Devant une luxation il faut avant tout vérifier l’absence de complications :

  • Palpation du pouls au poignet et la recherche d’une lésion vasculaire : extrême urgence
  • recherche de lésion neurologique : recherche de déficit de sensibilité de l’épaule et du bras

Radiographie :

La radiographie de l’épaule face et profil est indispensable et elle permet:

  • de confirmer le diagnostic
  • de préciser la variété de la luxation.
  • de rechercher des fractures associées.

Arthroscanner :

Utilisé surtout :

  • Lorsque le diagnostic est plus difficile à établir (simple douleur)
  • dans les luxations récidivantes après quarante ans d’évolution afin de déceler la présence d'une éventuelle lésion des tendons de la coiffe des rotateurs, associée.

LE TRAITEMENT :

Réduction en urgence :

  • Un bilan radiographique s’impose en urgence pour s'assurer de l'intégrité des structures osseuses et éliminer une fracture qui risquerait de se déplacer lors d’une tentative de réduction
  • Pour faciliter la réduction, elle doit être précoce. Elle peut être réalisée soit sans anesthésie, sous prémédication ou sous anesthésie générale brève.
  • Le principe sera une traction douce et progressive dans l'axe du bras afin d'obtenir le relâchement musculaire.
luxation de l'epaule
Un examen clinique à la recherche de complications vasculo-nerveuses et une radiographie de contrôle seront nécessaires après la réduction.

Contention :

  • Elle se fait coude au corps.
  • La durée d'immobilisation dépend de l'âge :

→ 6 semaines avant 20 ans,
→ 3 semaines après 20 ans,
→ 10 à 15 jours après 30-40 ans suivant les cas.

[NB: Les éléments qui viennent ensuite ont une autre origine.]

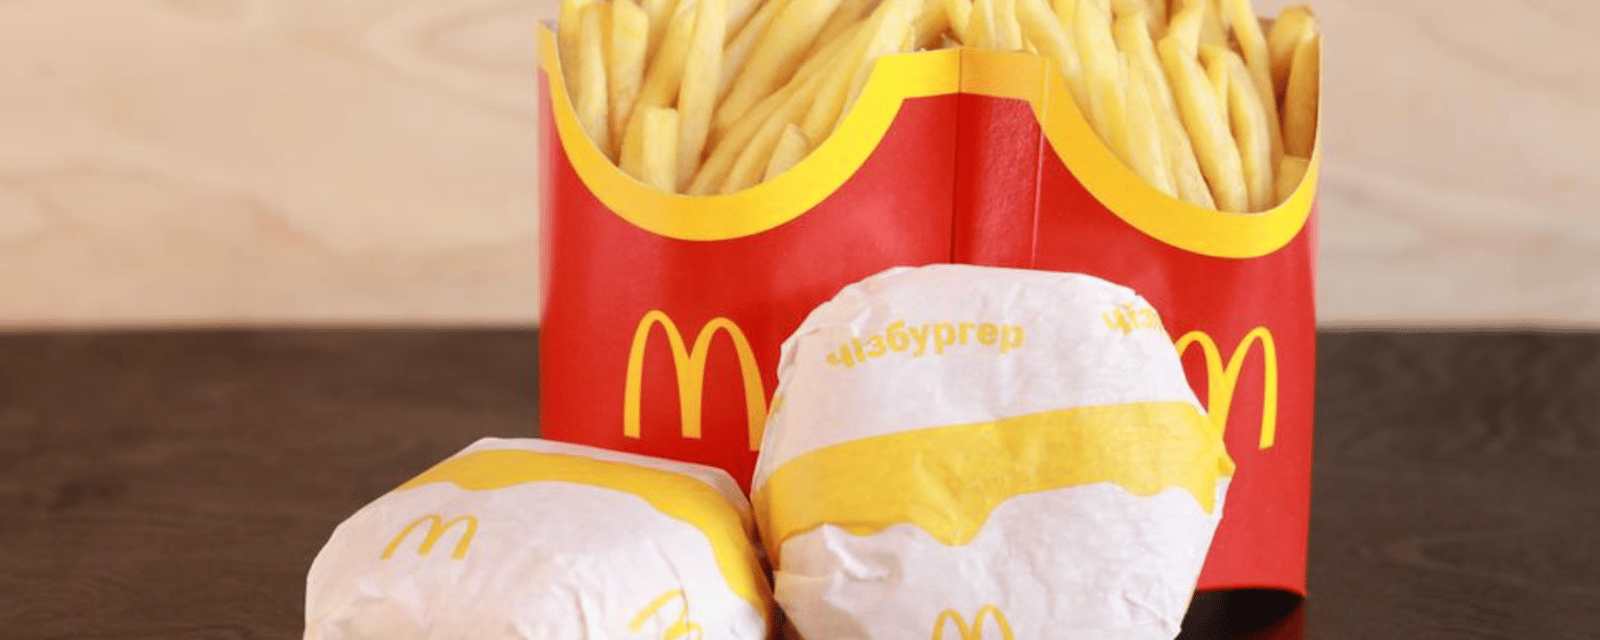 Les frites de McDonald's ne sont pas que des pommes de terre. Voici tout ce qu'elles contiennent.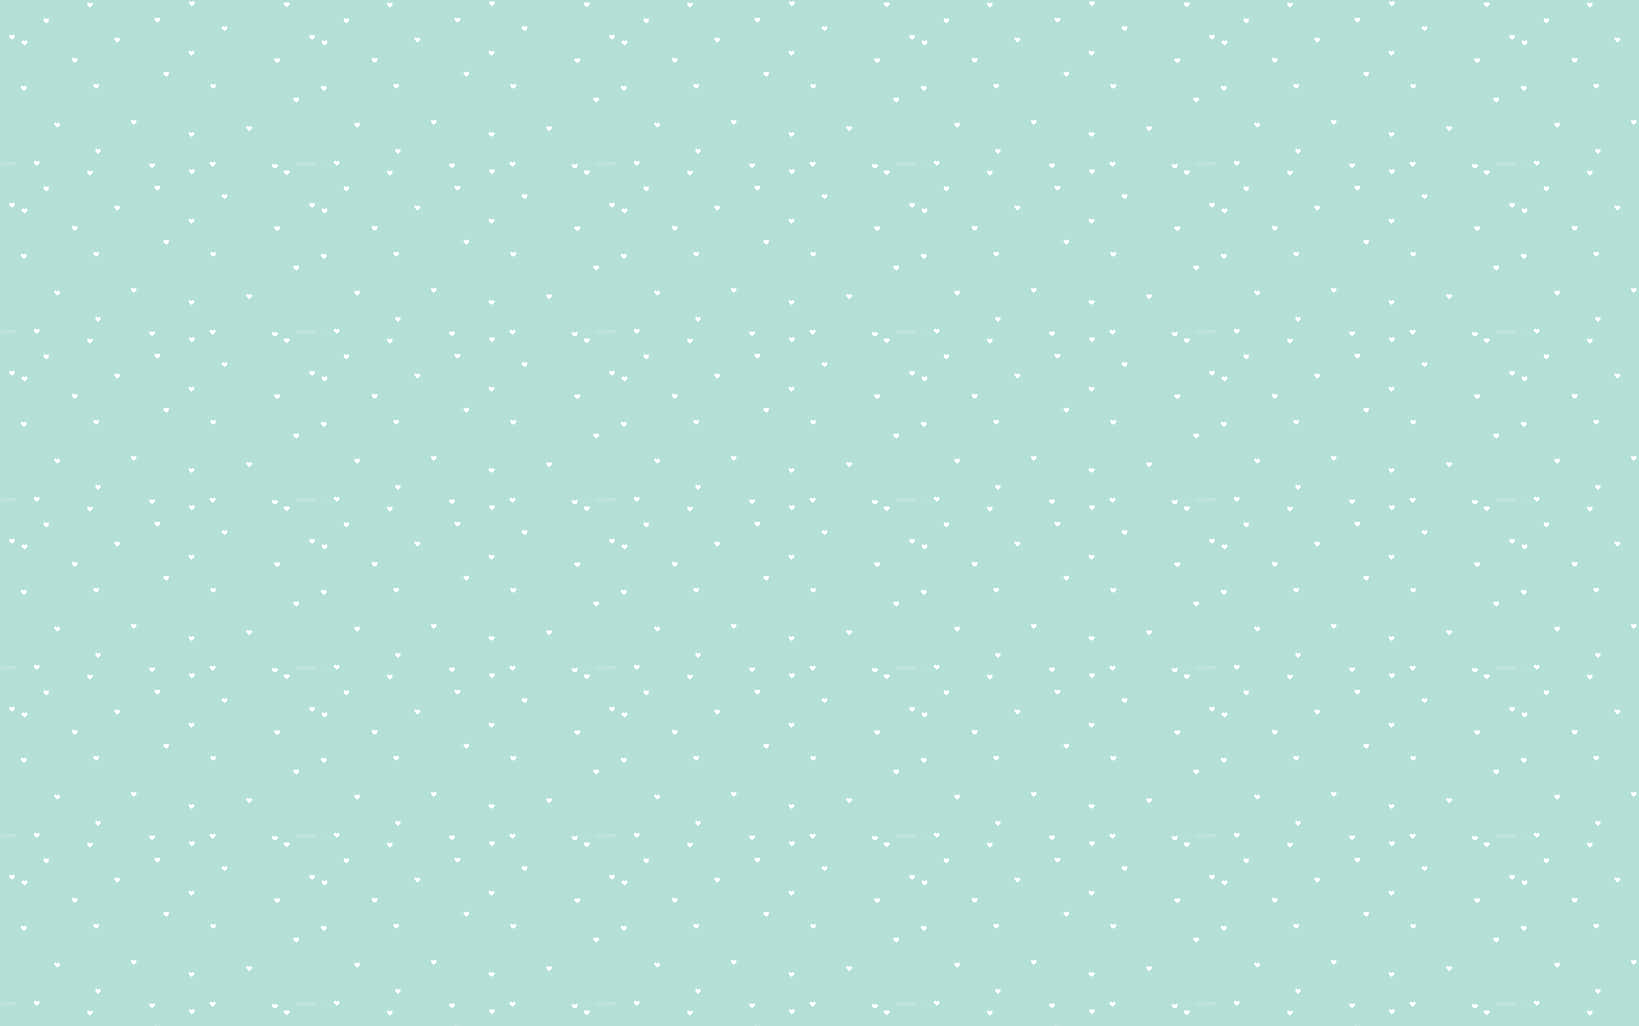 Pequeñoslunares Blancos En Un Fondo Estético De Color Azul Claro. Fondo de pantalla

  • La contention permet la cicatrisation des lésions.

Rééducation :

  • Commence par la récupération douce et progressive des amplitudes articulaires de façon passive puis active

Chirurgie :

Un traitement chirurgical s’impose dans les cas suivants :

  • Luxations récidivantes avec instabilité de l’épaule :

→ la butée pré glénoïdienne à l'aide de la coracoïde (intervention de Latarjet)
→ la réinsertion capsulo-ligamentaire (intervention de Bankart) à ciel ouvert ou par arthroscopie

  • Luxation irréductible à cause d’une interposition
  • Luxation incoercible : les dégâts sont majeurs l’épaule se réduit mais ne tient plus sa place.